Anda di halaman 1dari 5

Eropa dan Agama Tak Terlihat

1. Perkenalan

Volume yang disajikan di sini berisi sejumlah makalah yang didedikasikan untuk pandangan tertentu
tentang agama di Eropa.1 Situasi agama di Eropa tampaknya menjadi pengecualian, dibandingkan
dengan wilayah lain di dunia. Tampaknya tidak ada tempat di mana agama mengalami resesi sebanyak
di sini. Dan inilah tepatnya mengapa makalah-makalah ini mengacu pada teori Luckmann, karena tidak
ada wilayah lain di dunia yang lebih "tidak terlihat" daripada di Eropa. Tepat di latar belakang
kebangkitan agama di seluruh dunia, Eropa patut mendapat perhatian persis dari perspektif ini. Yang
pasti, agama di Eropa telah menjadi subjek banyak penyelidikan.2 Meskipun sejumlah penelitian tentang
penurunan agama di Eropa, namun, sedikit upaya telah dilakukan untuk melihat sisi lain dari persamaan
tersebut, di "kiri -over ”, jika ada yang mengatakan demikian.3 Seperti yang akan diperlihatkan koran,
Invisible Religion masih merupakan landasan awal yang berguna untuk upaya semacam itu.

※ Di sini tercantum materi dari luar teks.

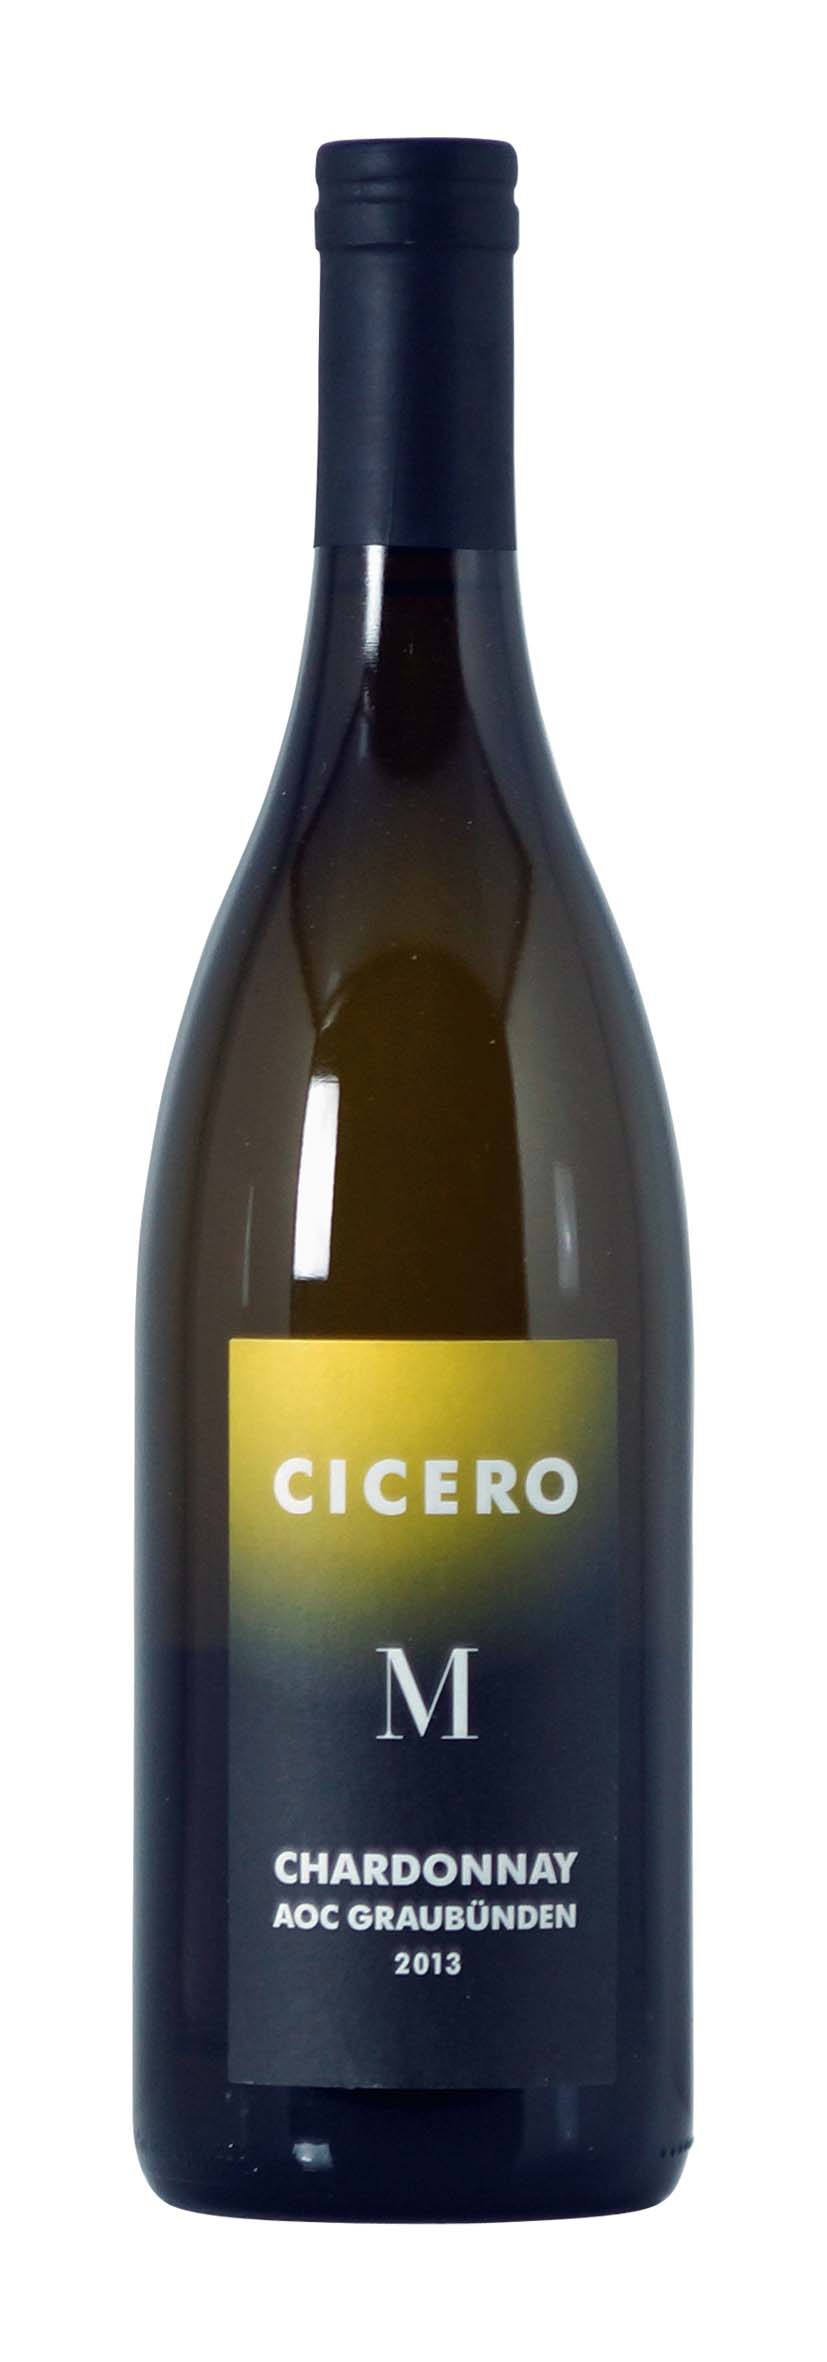 Graubünden AOC Chardonnay Cicero M 2013

Saya ingin segera membuat sketsa teori ini dan perkembangannya baru-baru ini, kemudian, untuk
beralih ke pertanyaan, apa yang terjadi dengan agama di Eropa, dan untuk menyoroti kontribusi teori
Luckmann.

2. Agama Yang Tak Terlihat

Teori Luckmann menjadi terkenal sebagai salah satu teori fungsional atau agama yang paling umum.
Dalam pandangannya, upaya substansialis untuk mendefinisikan "esensi" agama telah gagal dihadapkan
pada keragaman yang secara sosial dianggap sebagai agama - bahkan pada tingkat "agama dunia"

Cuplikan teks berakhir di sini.